In any case, Neural net modeling, which was the original topic of this discussion, is essentially focused on studying non-syntactic computation. If the response to this is that it is still flawed because ANNs are mostly implemented on digital (and therefore nominally symbolic) computational systems, then, even ignoring the point of the larger system above, this objection reduces to a simple implementation technology issue as opposed to a fundamental constraint of ANNs as an ANN is not necessarily limited to implementation on nominally digital platforms. If implementation on digital logic is found to be fundamentally limiting for some as-yet unknown reason, then that can be addressed via moving to analog, quantum, or biochemical systems (which, taken to the extreme, could simply be an artificially constructed human brain).

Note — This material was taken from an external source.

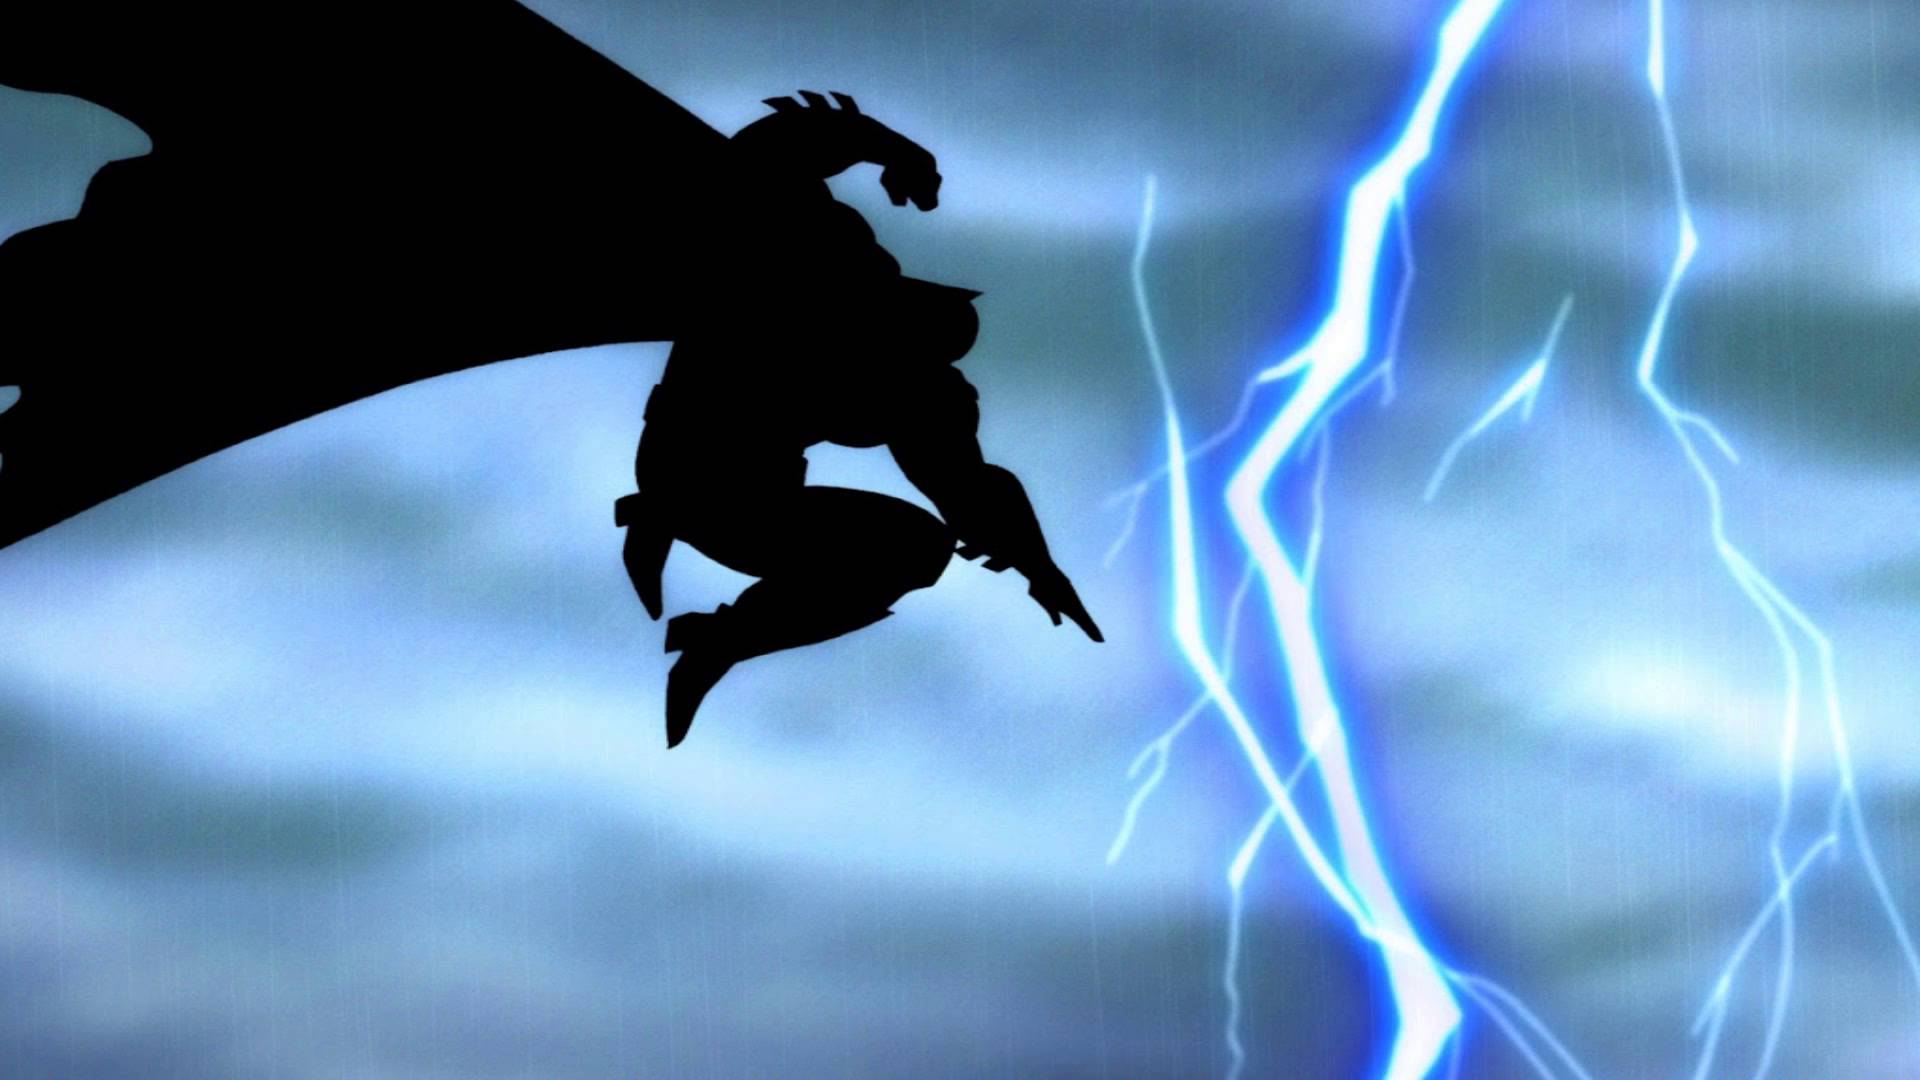 Скачать обои Бэтмен: Возвращение Тёмного Рыцаря на телефон бесплатно

In essence, while I agree that the cognitive model of the mind processing symbols to which we assign meaning is flawed, it is incorrect to assert that computation is necessarily limited to this model. In that view, the CR only addresses a very narrow class of AI based on the reality/interaction -> symbol -> meaning cognitive model, where the mind's interaction with reality is mediated by a purely symbolic interface, as opposed to the connectionist model of reality/interaction -> a-symbolic sensory input -> meaning -> symbol where symbols are only created as a result of assignment of meaning, and then later inserted into the cognitive process as useful filters or abstractions that allows the mind to more quickly/efficiently deal with inputs. This model of the cognitive process rejects Searle's CR as valid as in this context the CR argument's premise begs the question by imposing the restriction that symbols must be specified before meaning is assigned (i.e., they are not symbols to the CR, but are in fact someone else's symbols), and the more subtle inference that the system must ultimately respond to each symbol as a hypothetical native Chinese speaking conversation partner (or otherwise immediately pass the Turing test as applied by a Chinese speaker) in order to qualify as being conscious. In order to do so with a foreign set of symbols that have not been internalized by the consciousness means it must either fail the Turing test or to simply get inside (or alternatively internalize) the Chinese Room and process symbols via complex lookup. As passing the Turing test is a premise of the CR, then we are left with the latter scenario whereby even an assumed consciousness, being forced to work with symbols created by someone else to which it has not developed or assigned any meaning, must simply respond to inputs mechanically based on the rules it has been supplied a premise of the though experiment. In other words, even if a consciousness does exist, it cannot simultaneously understand Chinese and satisfy the other premises due to the conditions imposed by the thought experiment, so the possibilities of the CR are a consciousness that does not understand Chinese, or a lack of consciousness and simple mechanical symbol processing. The conclusion of the CR argument is therefore a recursive and inevitable outcome of the combination of the reality -> symbol -> meaning cognitive model and the conditions of the experiment.